The offsets column contains an increasing sequence of integers which are byte positions identifying the start of each individual string within the chars data array. The final offset element is the total number of bytes in the chars column. This means the size of an individual string at row i is defined as (offsets[i+1]-offsets[i]).

Schematic diagram showing a vector of strings {"this", "is", "a", "column", "of", "strings"} and its representation as a strings type column with size 6, resulting in an “offsets” child column with INT32 type and a “characters” child column with INT8 type.
Figure 1. Schematic showing how Arrow format represents strings columns with chars and offsets child columns

Example of string redaction function

To illustrate an example string transformation, consider a function that receives two input strings columns and produces one redacted output strings column.

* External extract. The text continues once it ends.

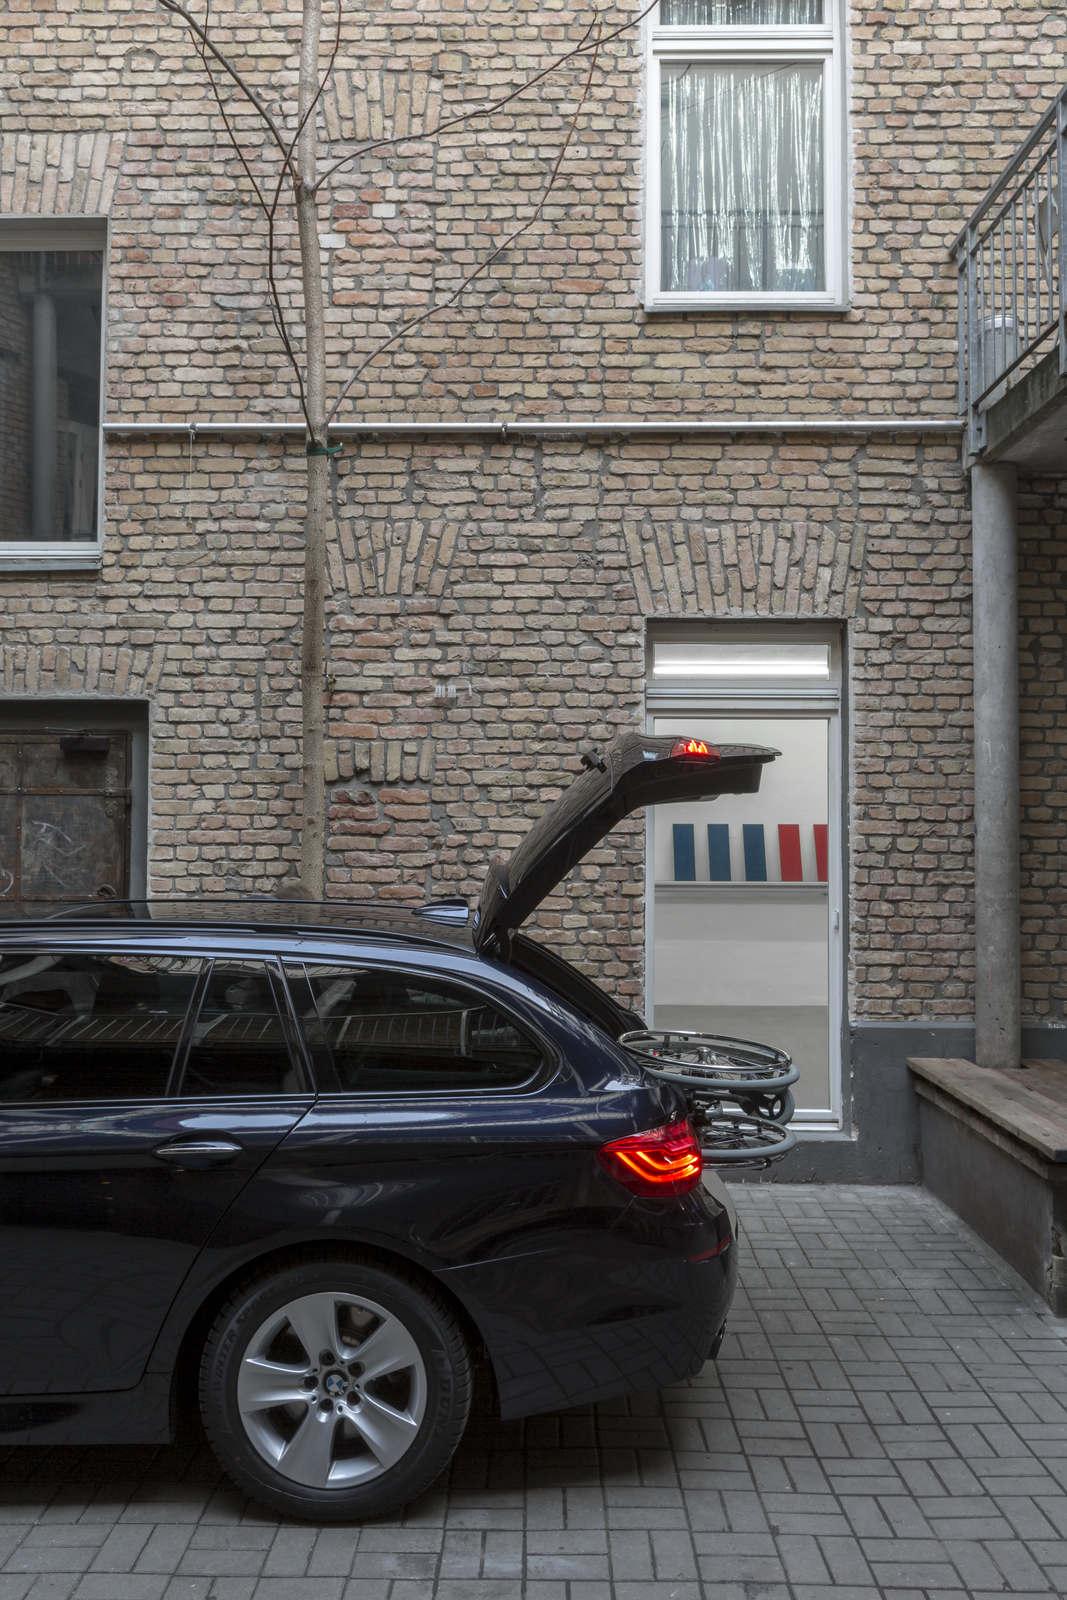 Matthias_Sohr_ACUD_gallery_02_installation_view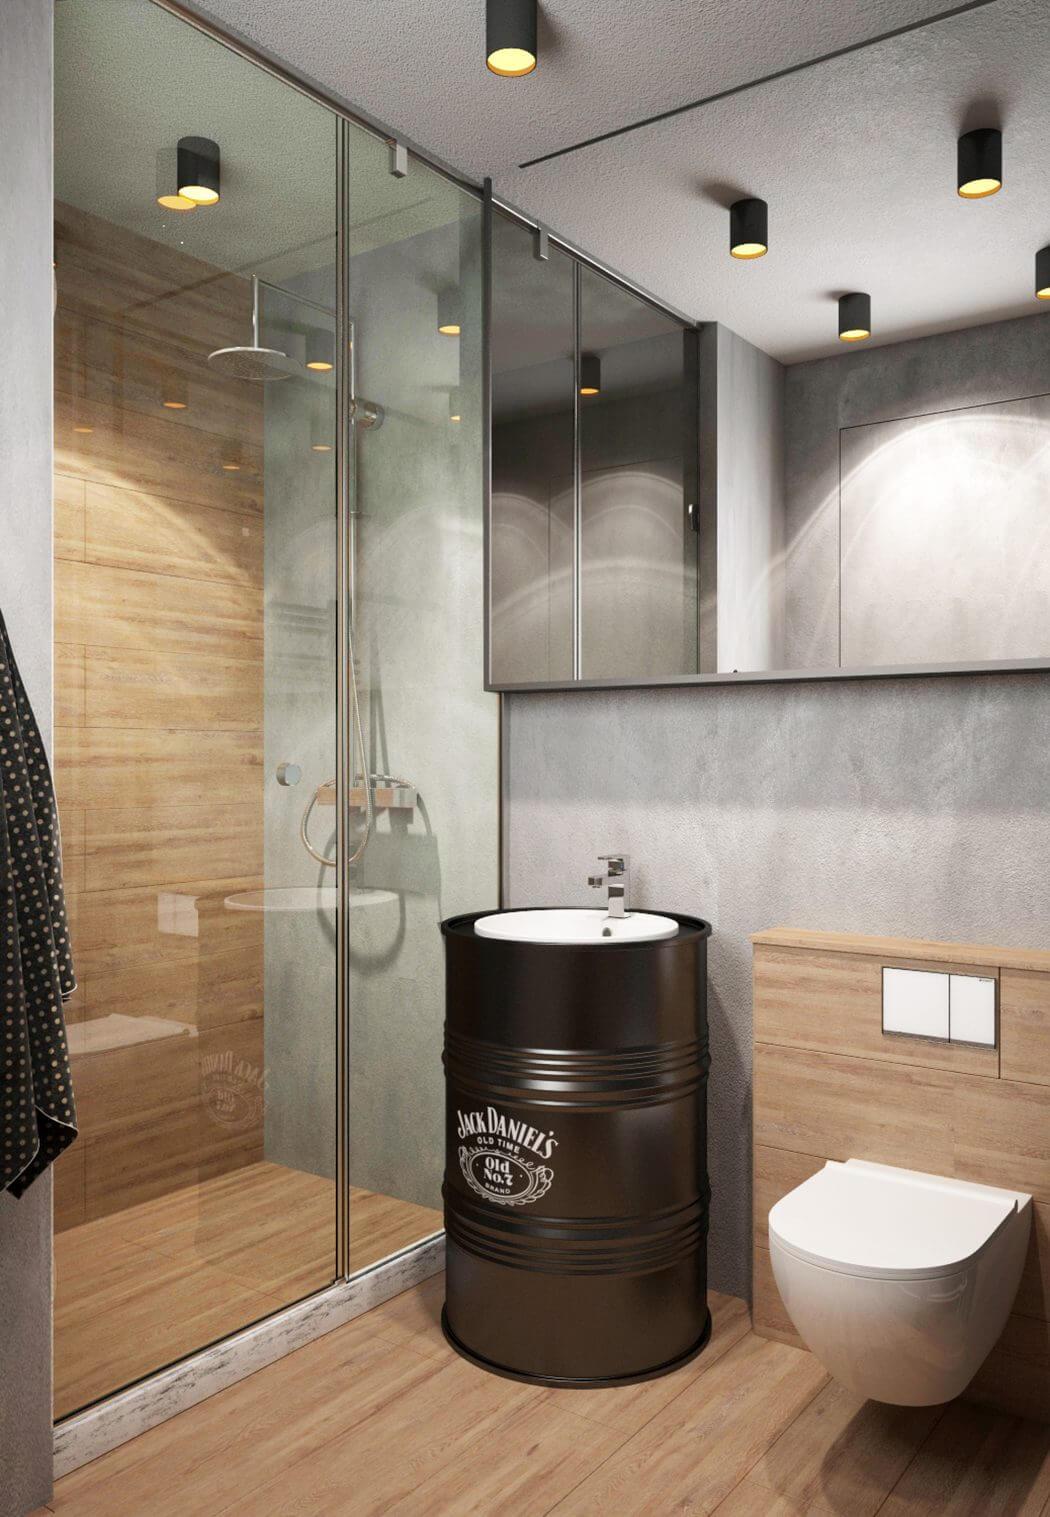 Klein industrieel loft appartement uit Moskou  Interieur

The input data has the following form: a “names” column containing first and last names separated by a space and a “visibilities” column containing the status of “public” or “private.” 

We propose the “redact” function that operates on the input data to produce output data consisting of the first initial of the last name followed by a space and the entire first name. However, if the corresponding visibility column is “private” then the output string should be fully redacted as “X X.” 

A table showing an example of a "redact" string transformation that receives names and visibilities strings columns as input and partially or fully redacted data as output.
Table 1. Example of a “redact” string transformation that receives names and visibilities strings columns as input and partially or fully redacted data as output

Transforming strings with the libcudf API

First, string transformation can be accomplished using the libcudf strings API. The general purpose API is an excellent starting point and a good baseline for comparing performance.

The API functions operate on an entire strings column, launching at least one kernel per function and assigning one thread per string. Each thread handles a single row of data in parallel across the GPU and outputs a single row as part of a new output column.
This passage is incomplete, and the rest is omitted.